La vague de ventes d’initiés constitue un facteur de risque à intégrer dans l’analyse, mais elle ne prouve pas une détérioration fondamentale chez AMD. L’interprétation la plus juste est qu’après le bond du titre AMD de 113,28 $ début 2026 à 527,20 $ fin mai, les divergences sur la valorisation actuelle se sont accentuées et certains investisseurs historiques sécurisent leurs plus-values à des sommets historiques. D’un point de vue logique, les variables clés pour la trajectoire d’AMD à moyen terme sont : le moment où les dépenses d’investissement IA des hyperscalers basculeront de la construction à l’optimisation, la durée pendant laquelle l’IA agentique continuera de soutenir la demande en CPU, et la capacité de la plateforme Helios à être déployée en rack et à obtenir une validation large d’ici fin 2026.

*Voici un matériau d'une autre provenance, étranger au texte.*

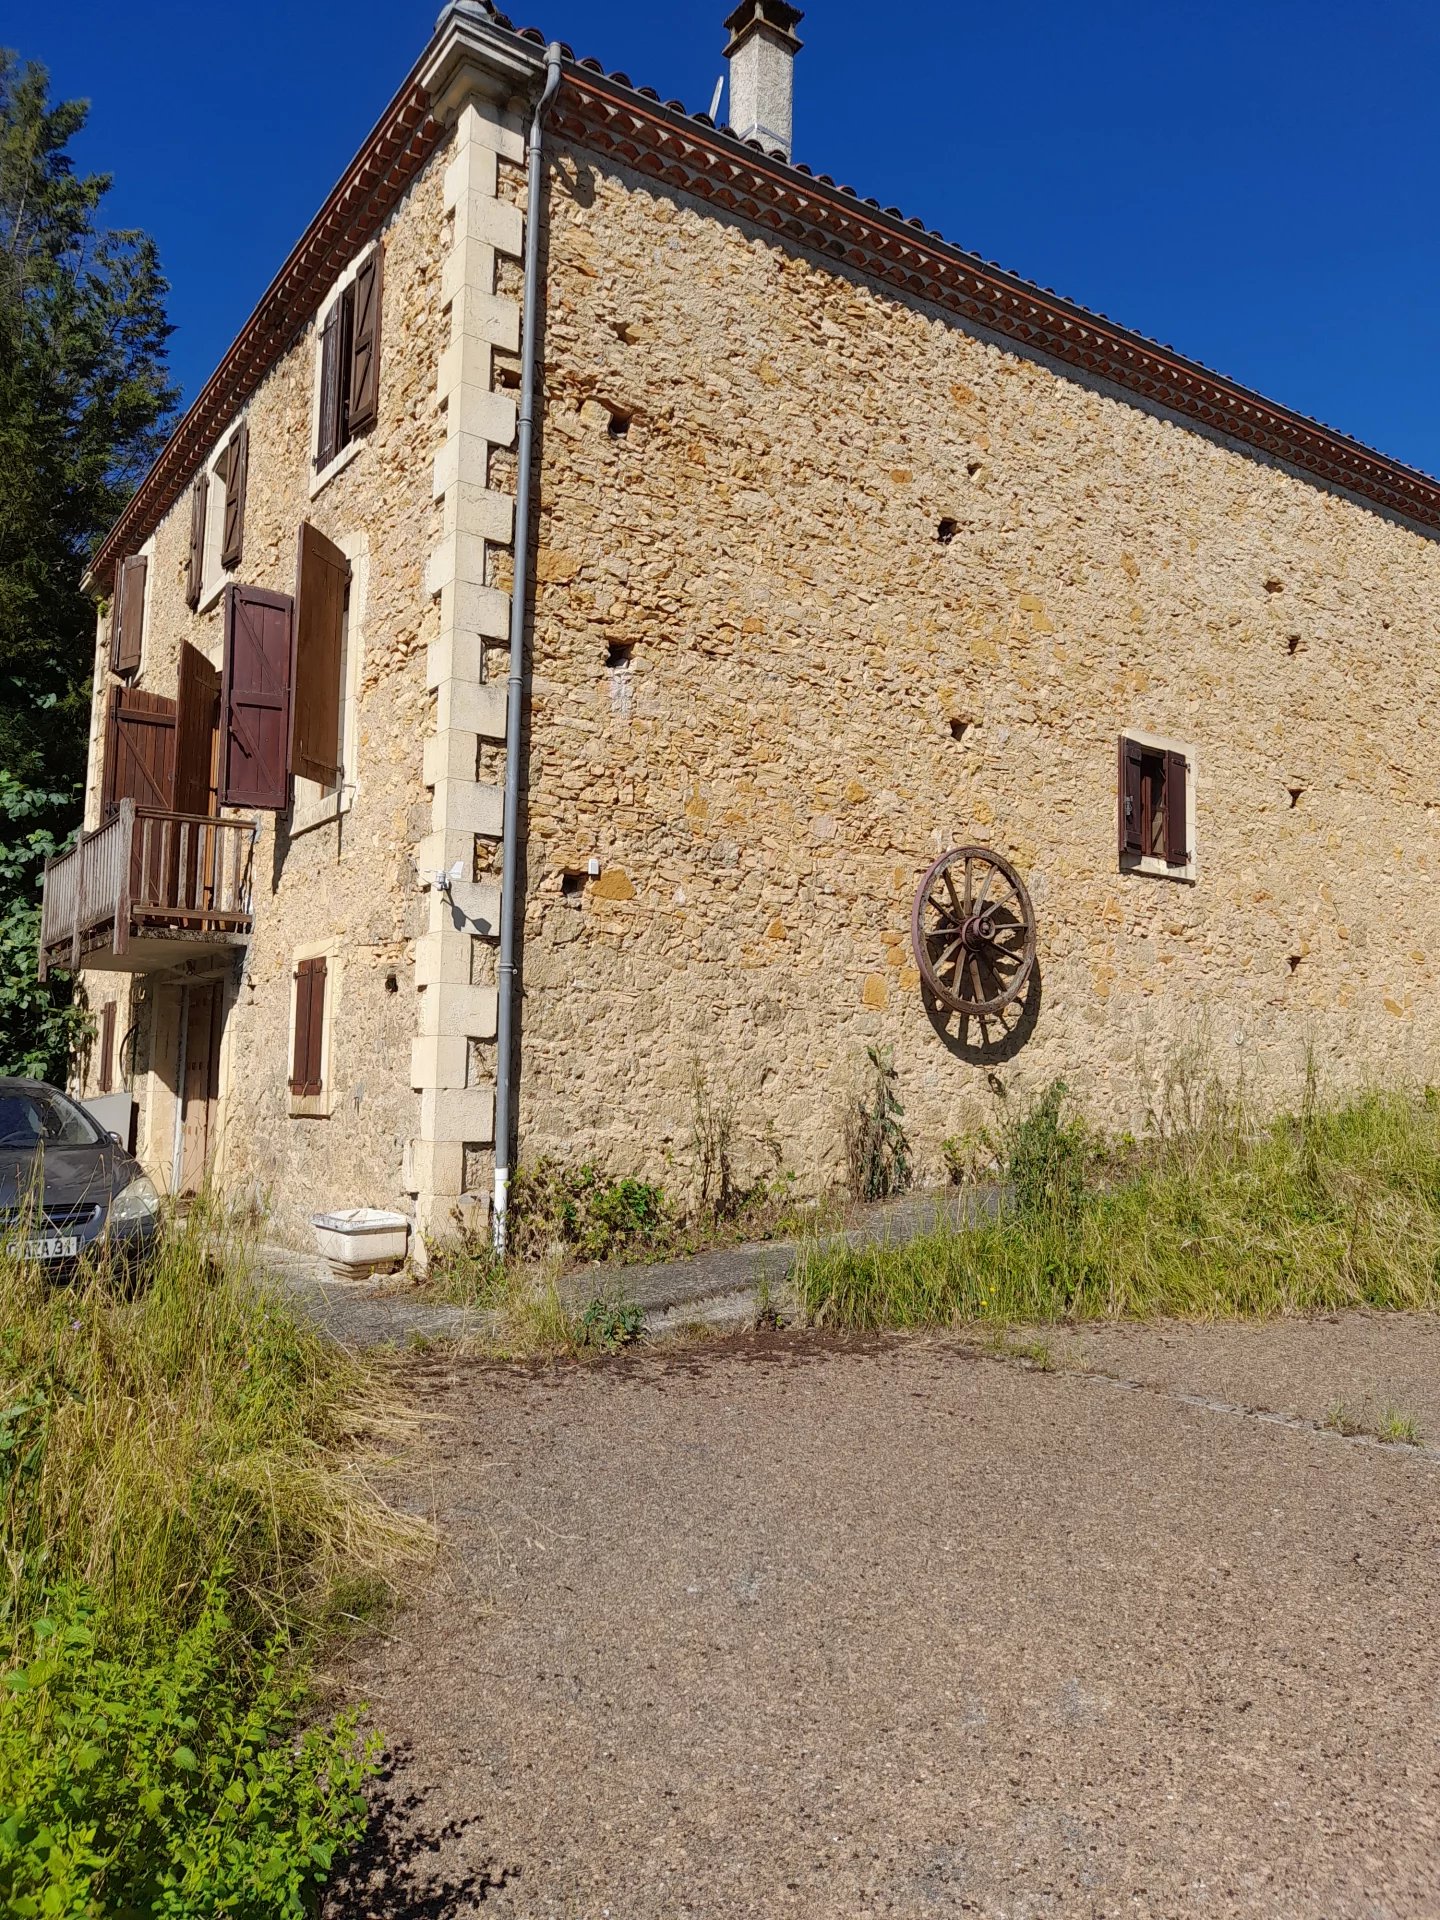 Near Aurignac, stone house on more than 1 hectare of land
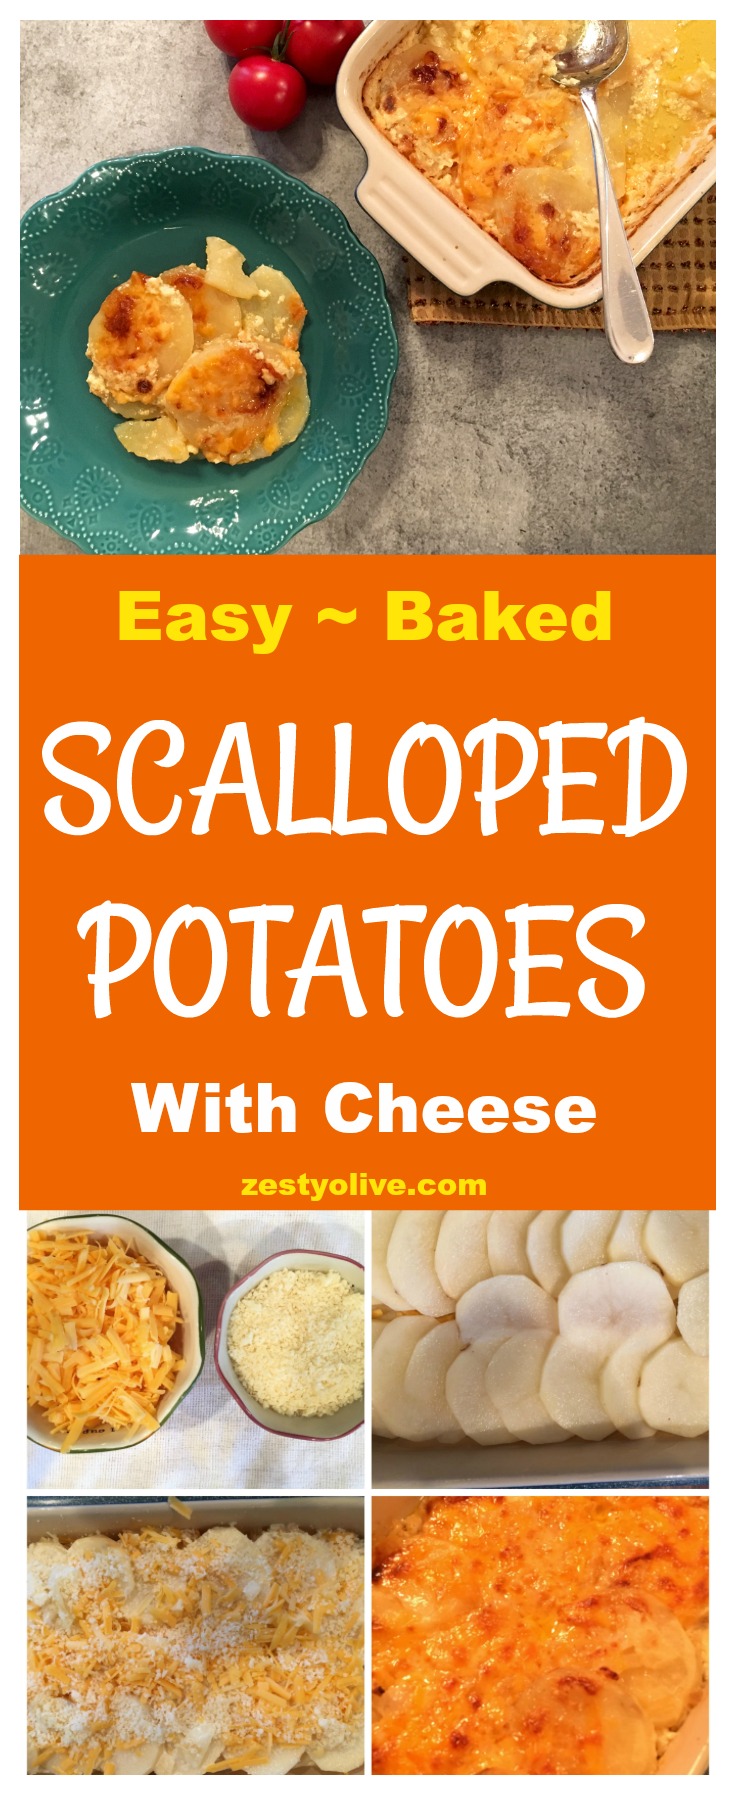 If you love potatoes and love cheese, then these baked scalloped potatoes with cheese will rock your world. They are so easy to make, and if you have leftovers, they are even better the next day. It's true!

Les data centers IA passent de la construction sur mesure à des déploiements standardisés — un processus qui constitue à la fois la fenêtre d’opportunité d’AMD et le test de sa montée en gamme, du statut de fournisseur de GPU à celui de fournisseur de solutions de niveau plateforme. Les fluctuations de prix à court terme, les prises de bénéfices et les mouvements de sentiment de marché sont inévitables, mais la logique de long terme doit rester centrée sur l’évolution de ces variables fondamentales.